* Raw data
──────────

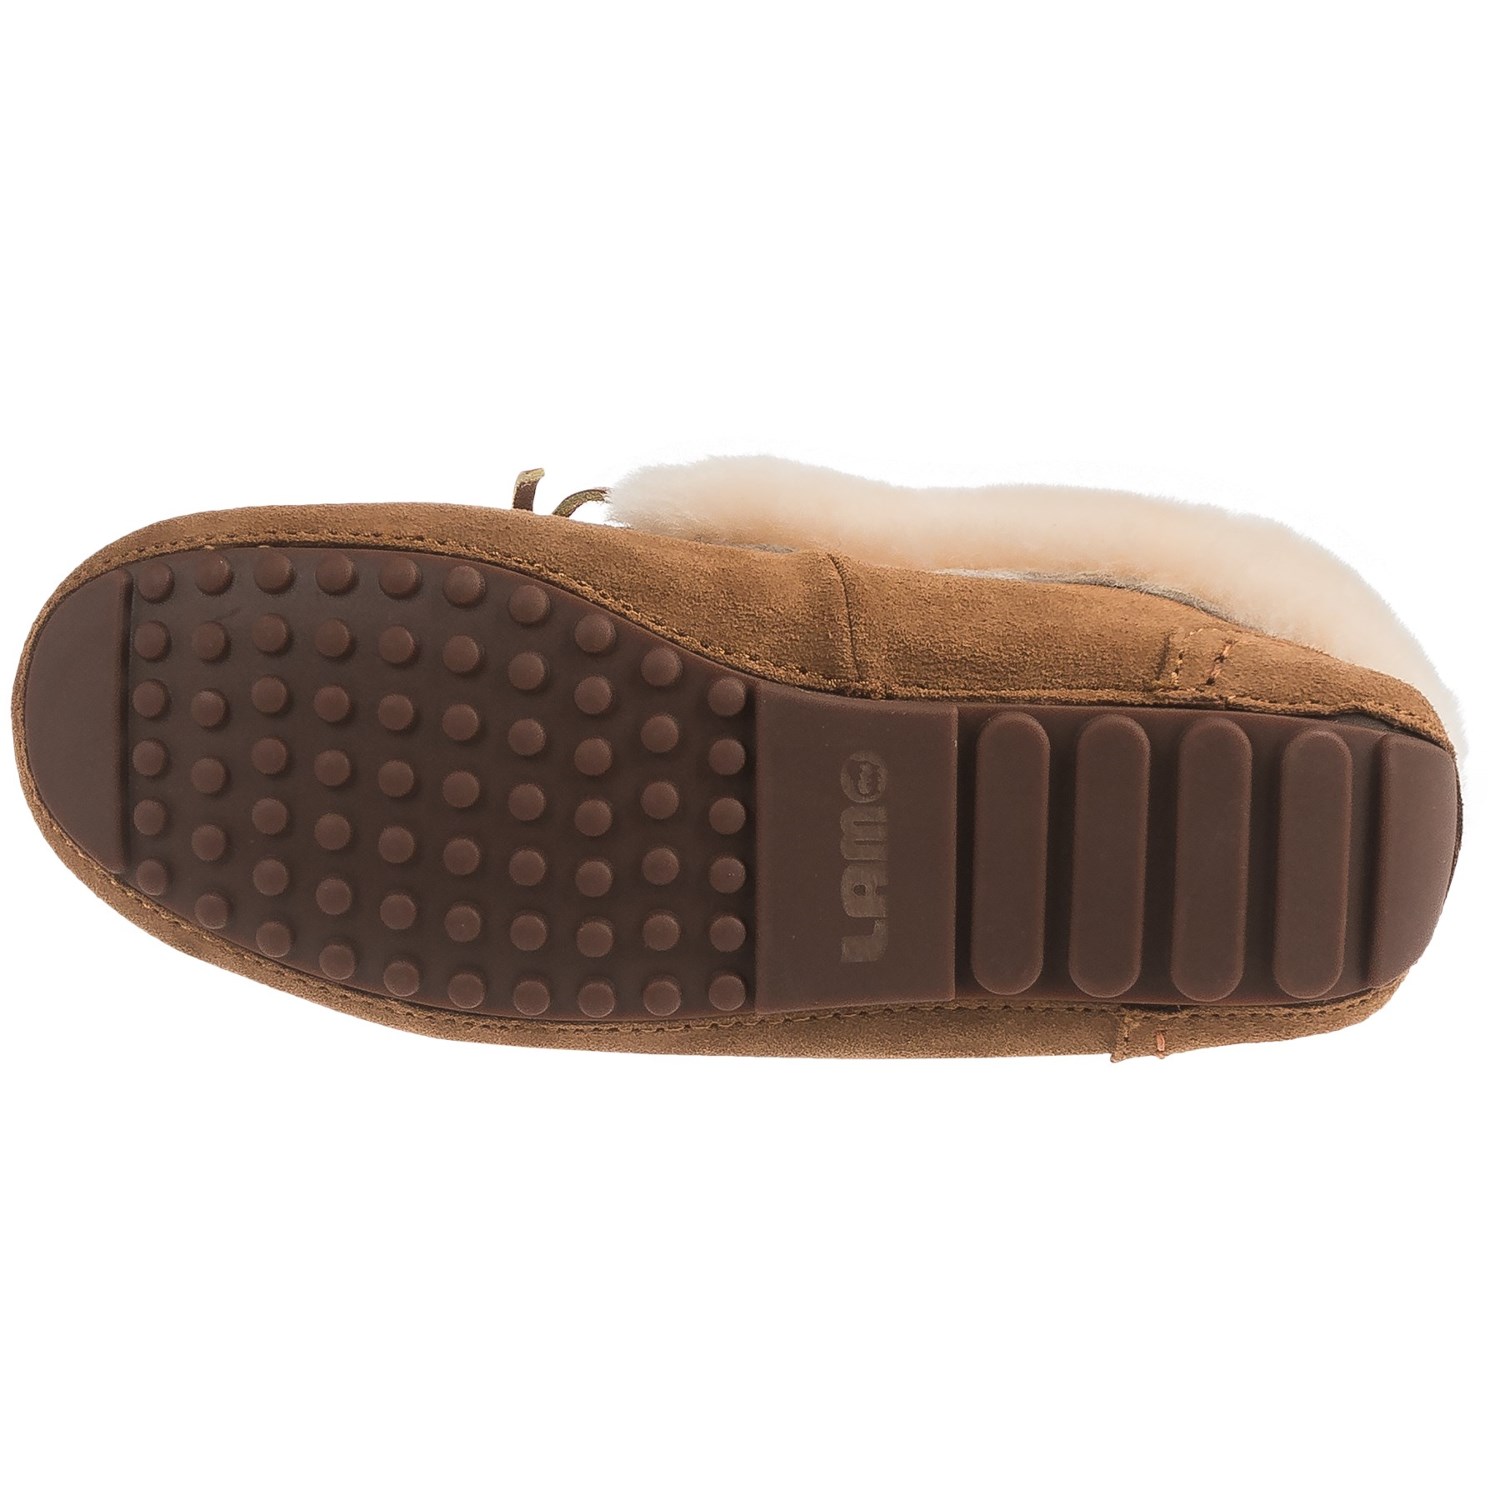 lamo footwear mist moccasin slippers - suede, sheepskin lined
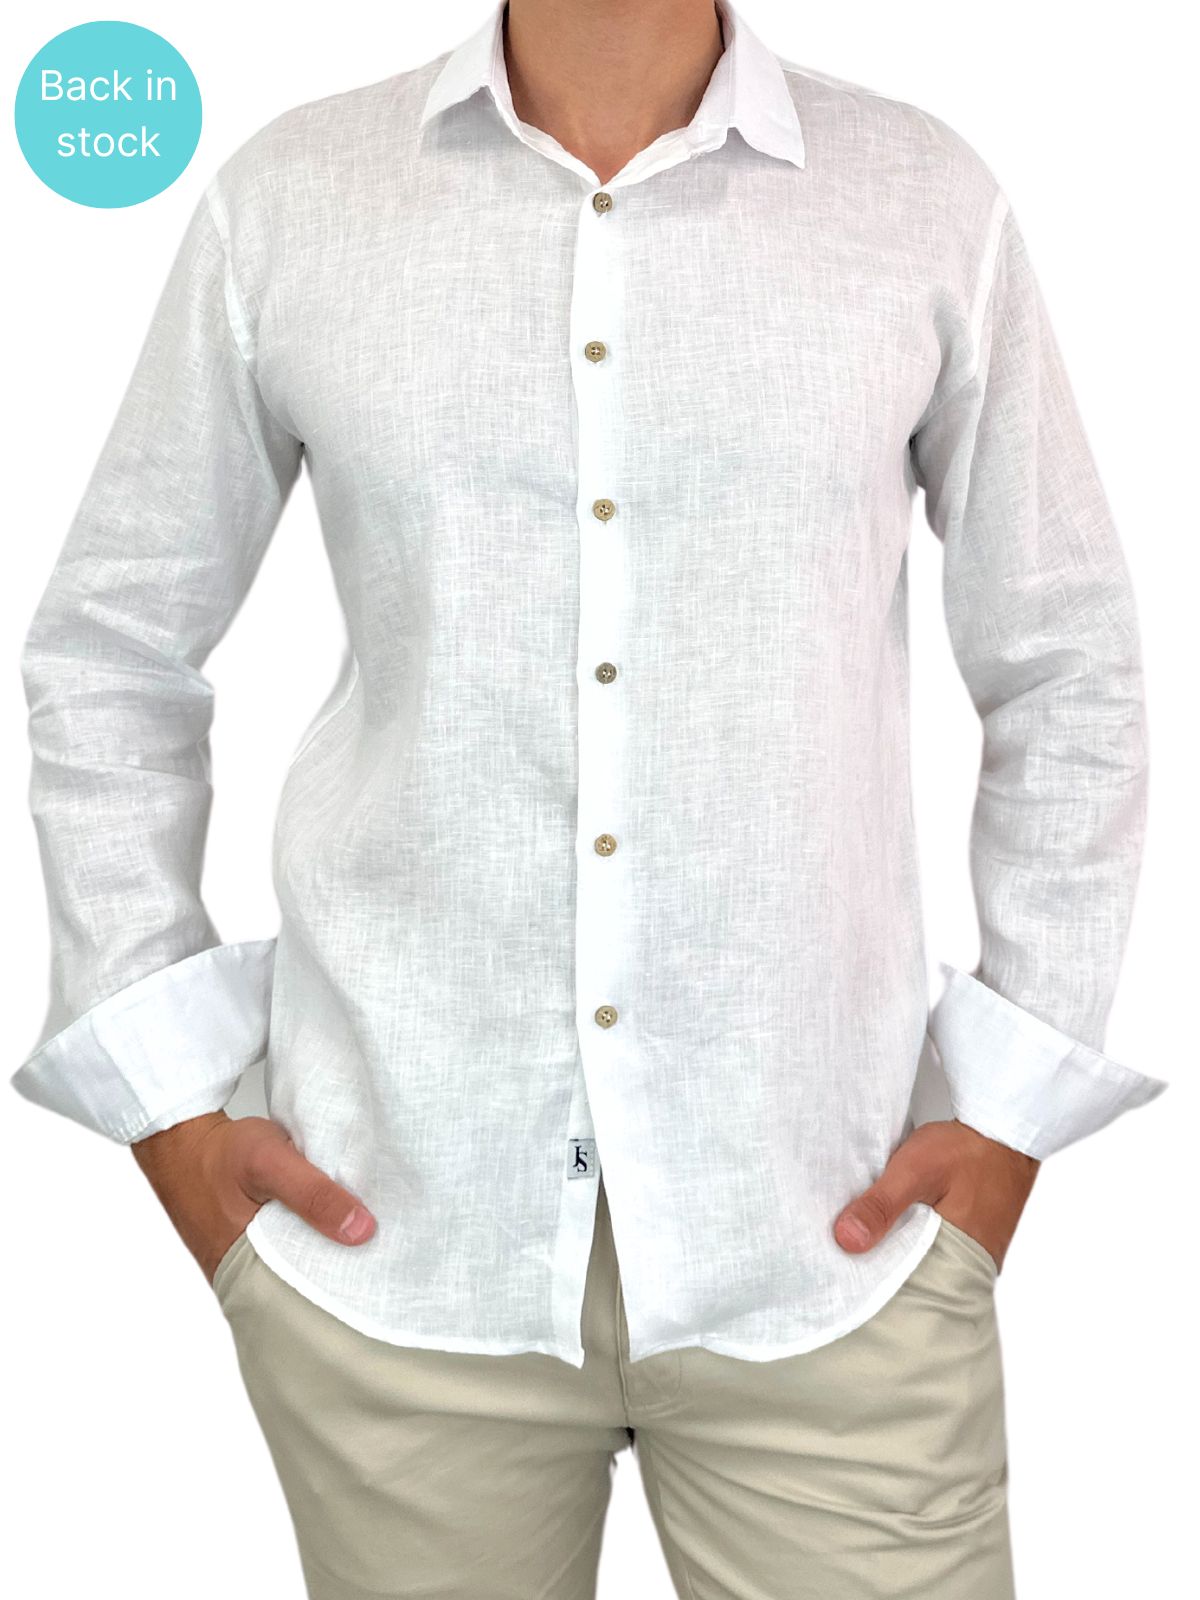 Byron Bay White Linen L/S Shirt
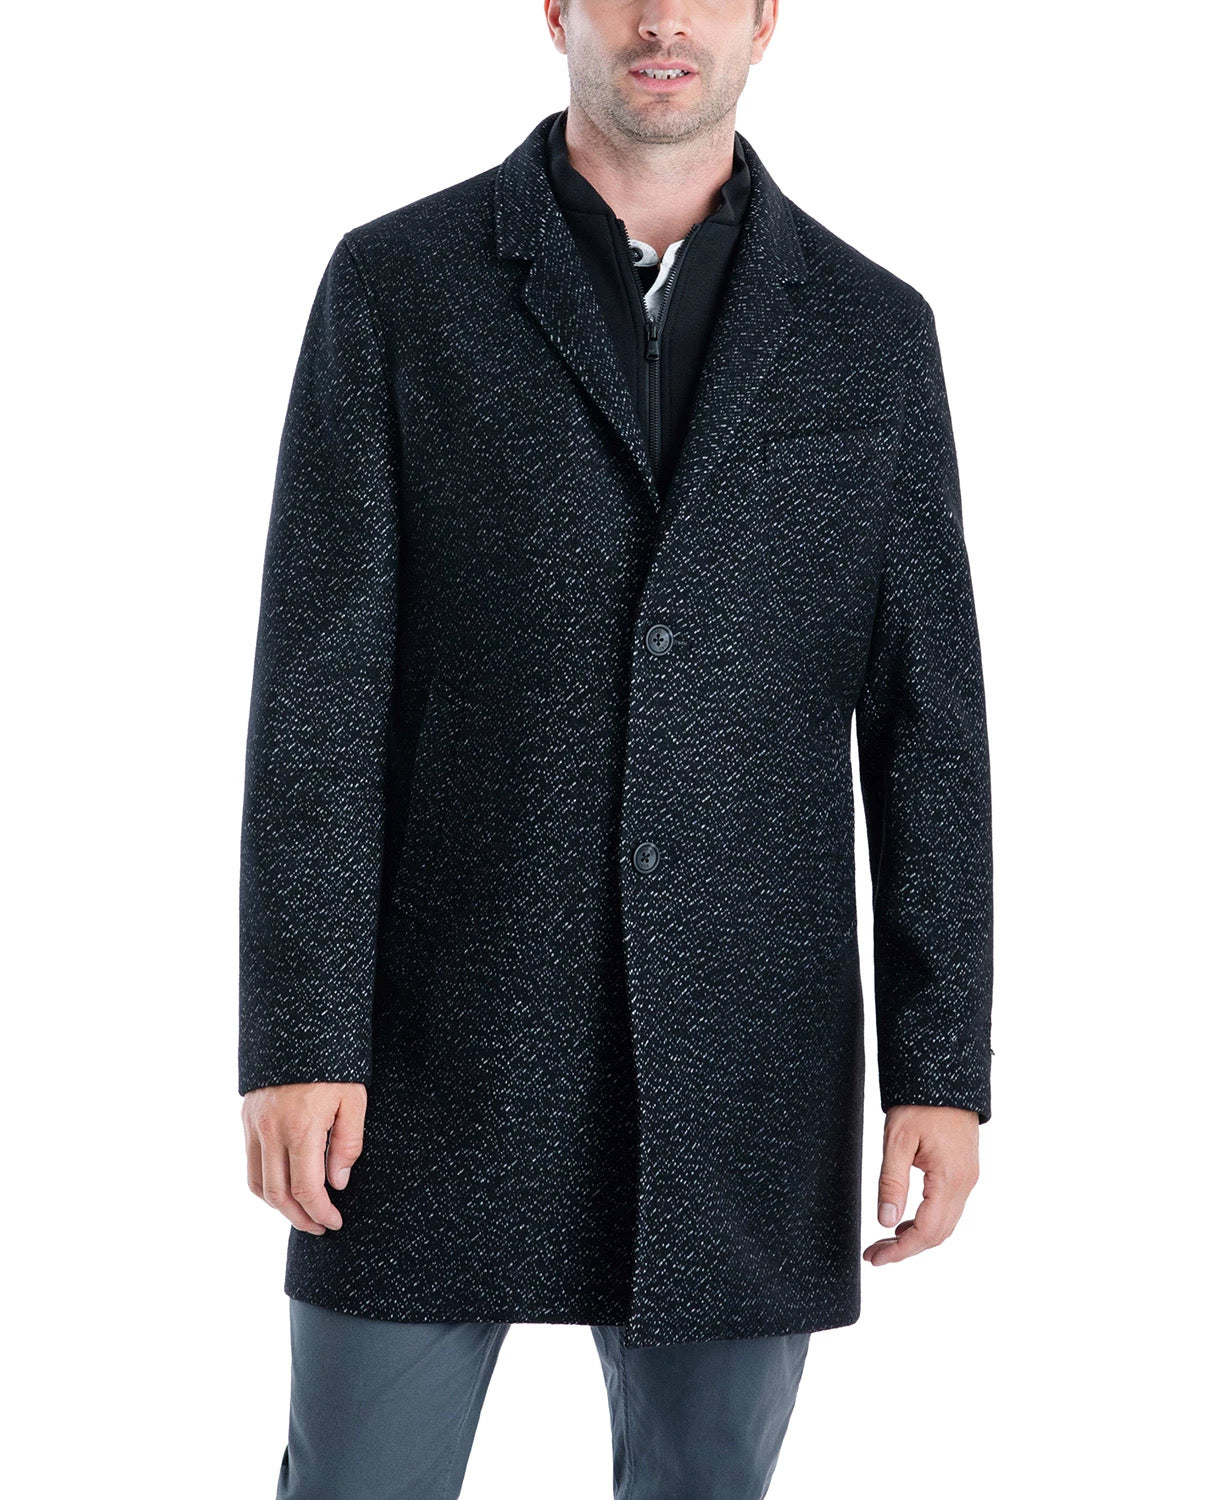 Michael Kors Men's Pike Slim Fit Top Coat 46L Black / White Overcoat

──────────

* Task item
Return each line above word for word. Skip the pictures.

* Written response
 lamo footwear mist moccasin slippers - suede, sheepskin lined
 Byron Bay White Linen L/S Shirt
 Michael Kors Men's Pike Slim Fit Top Coat 46L Black / White Overcoat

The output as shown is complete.